Deirdre K. Mulligan is a professor of law at the UC Berkeley School of Information and a Faculty Director of the Berkeley Center for Law and Technology. She was the founding director of the Samuelson Clinic, which she led from 2001-2008. Before coming to Berkeley, she was staff counsel at the Center for Democracy & Technology in Washington.
Professor Mulligan’s current research agenda focuses on information privacy and security. Current projects include qualitative interviews to understand the institutionalization and management of privacy within corporate America, and role of law in corporate information security policy and practice. Other areas of current research include digital rights management technology and privacy and security issues in sensor networks and visual surveillance systems, and alternative legal strategies to advance network security.
Recent publications include: “Privacy Decision Making in Administrative Agencies”, Kenneth Bamberger and Deirdre K. Mulligan, 75 U. CHI. L. REV. 75 (2008; “The Magnificence of the Disaster: Reconstructing the Sony BMG Rootkit Incident”, Deirdre K. Mulligan & Aaron K. Perzanowski, Berkeley Technology Law Journal, Vol. 22, p. 1157, (2007); . “Embedded RFID and Everyday Things: A Case Study of the Security and Privacy Risks of the U.S. e-Passport”, Marci Meingast, Jennifer King and Deirdre K. Mulligan, IEEE International Conference on RFID, March, 2007; “Transactional Confidentiality in Sensor Networks,” Sameer Pai, Marci Meingast, Tanya Roosta, Sergio Bermudez, Stephen B. Wicker, Deirdre K. Mulligan, Shankar Sastry, IEEE Security and Privacy, vol. 6, no. 4, pp. 28-35, Jul/Aug, 2008; “Noticing Notice: A large-scale experiment on the timing of software license agreements”, Nathan Good, Jens Grossklags, Deirdre K. Mulligan and Joe Konstan, In: Proceedings of the ACM Conference on Human Factors in Computing Systems (CHI’07), San Jose, CA, April 28 – May 3, 2007, pp. 607-616.
Mulligan is currently participating in a multi-stakeholder initiative, the Global Network Initiative, to advance and preserve freedom of expression and privacy through collaborative efforts aimed to resist government efforts that seek to enlist companies in acts of censorship and surveillance in violation of international human rights standards.

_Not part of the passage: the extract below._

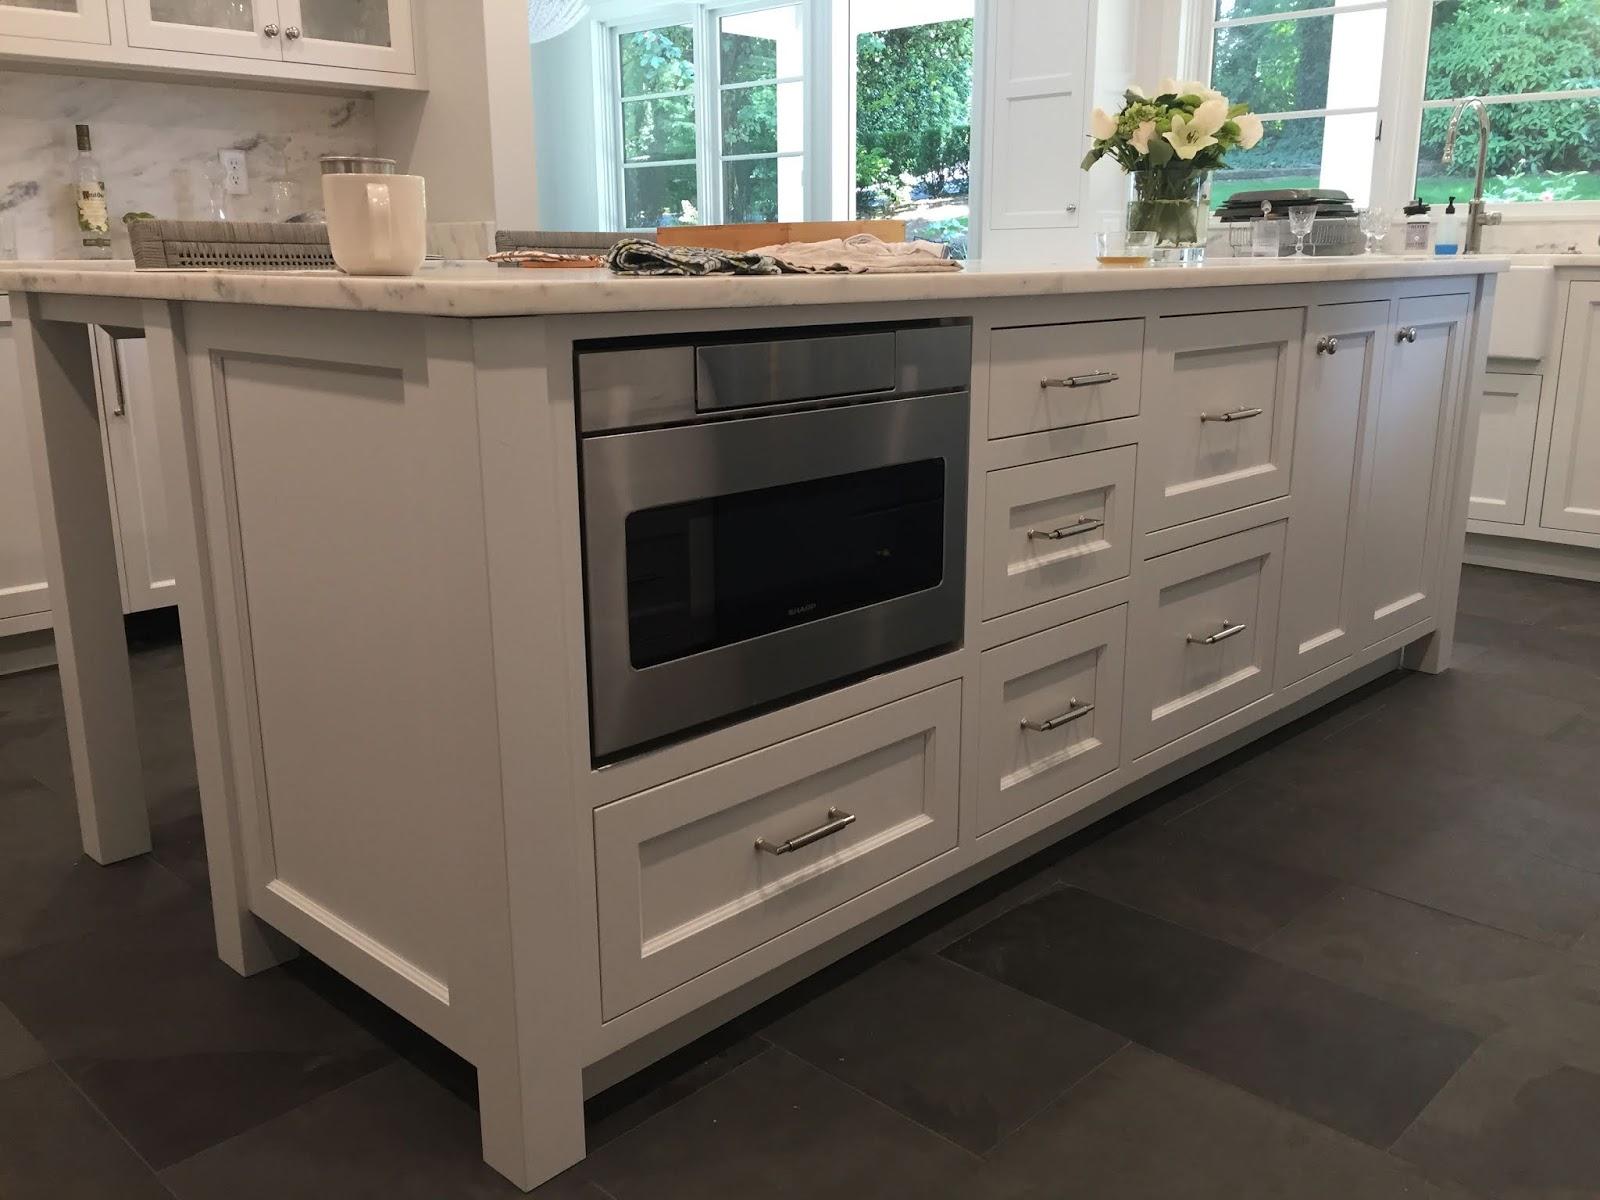 kitchen islands create built in social
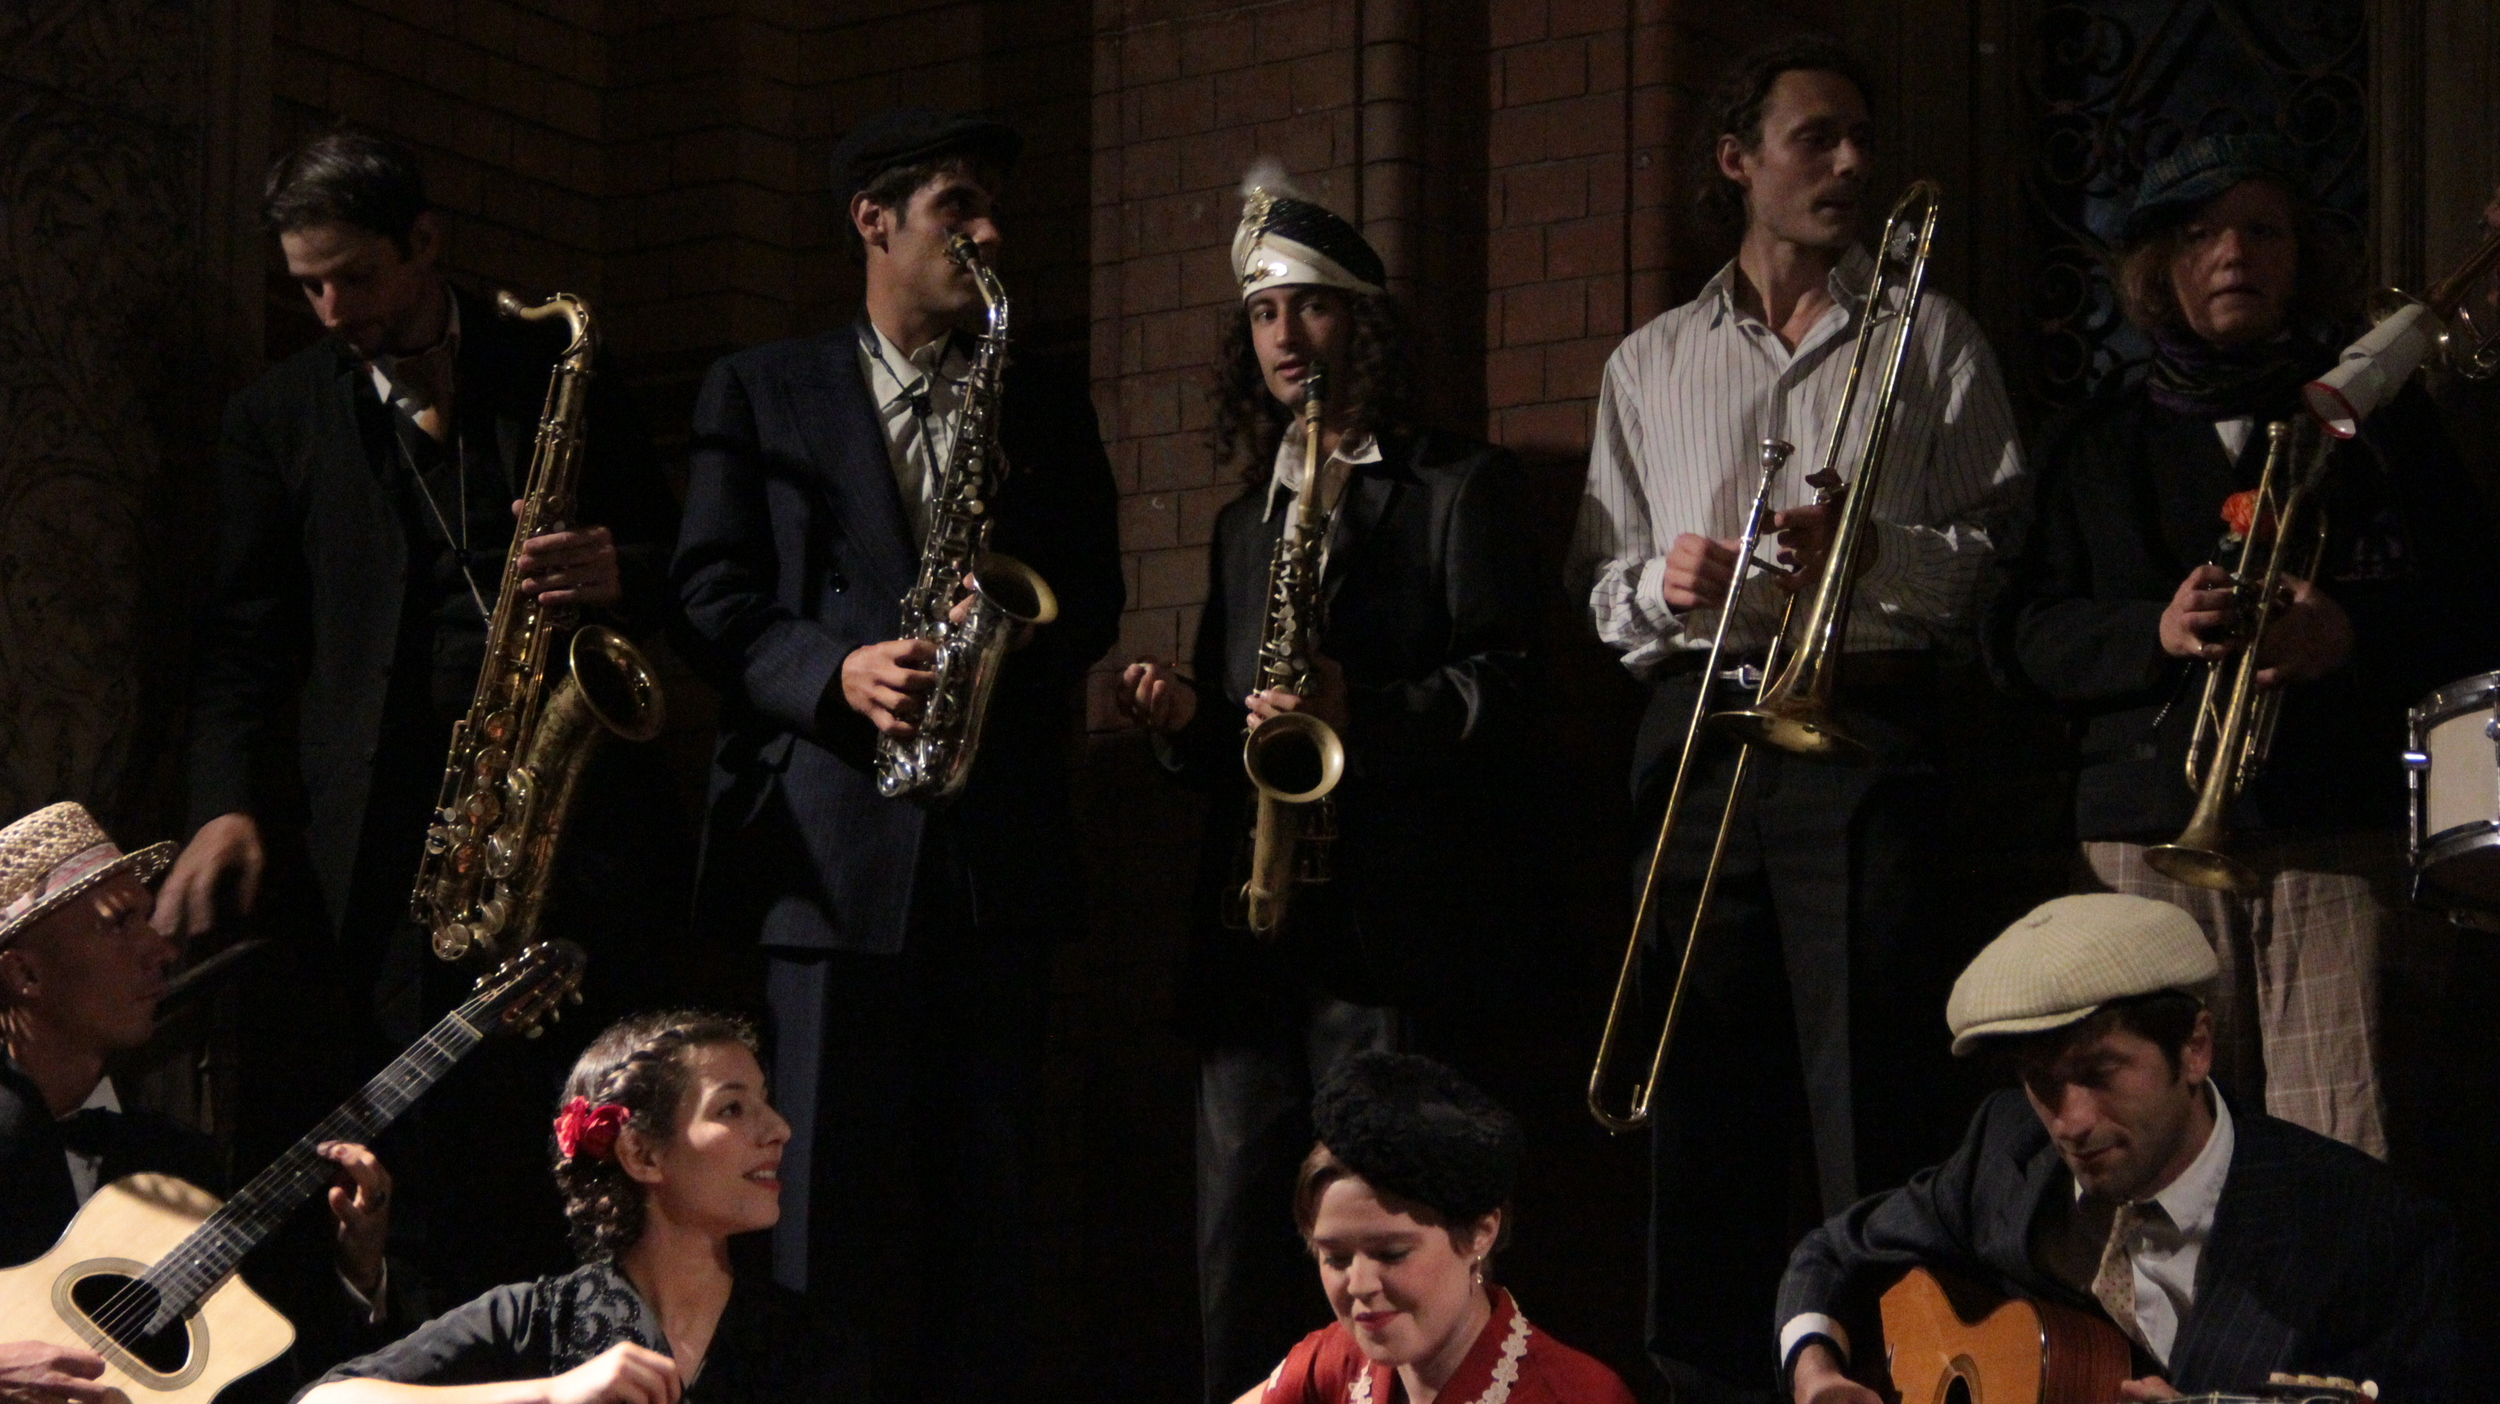 Djanovis Big Band with Tim Brosig, Daniel Duspiwa, Sufi Yan, Anton Wunderlich, Charlene Jean, Toni Tango

During the summer of 2007 Mulligan was a member of an expert team charged by the California Secretary of State to conduct a top-to-bottom review of the voting systems certified for use in California elections. This review investigated the security, accuracy, reliability and accessibility of electronic voting systems used in California.
Mulligan was a member of the National Academy of Sciences Committee on Authentication Technology and Its Privacy Implications; the Federal Trade Commission’s Federal Advisory Committee on Online Access and Security, and the National Task Force on Privacy, Technology, and Criminal Justice Information. She was a vice-chair of the California Bipartisan Commission on Internet Political Practices and chaired the Computers, Freedom, and Privacy (CFP) Conference in 2004. She is currently a member of the California Office of Privacy Protection’s Advisory Council and a co-chair of Microsoft’s Trustworthy Computing Academic Advisory Board. She serves on the board of the California Voter Foundation and on the advisory board of the Electronic Frontier Foundation.
Education
B.A., Smith College (1988)
J.D., Georgetown University (1994)
Deirdre Kathleen Mulligan is not teaching any Law courses in Fall 2024.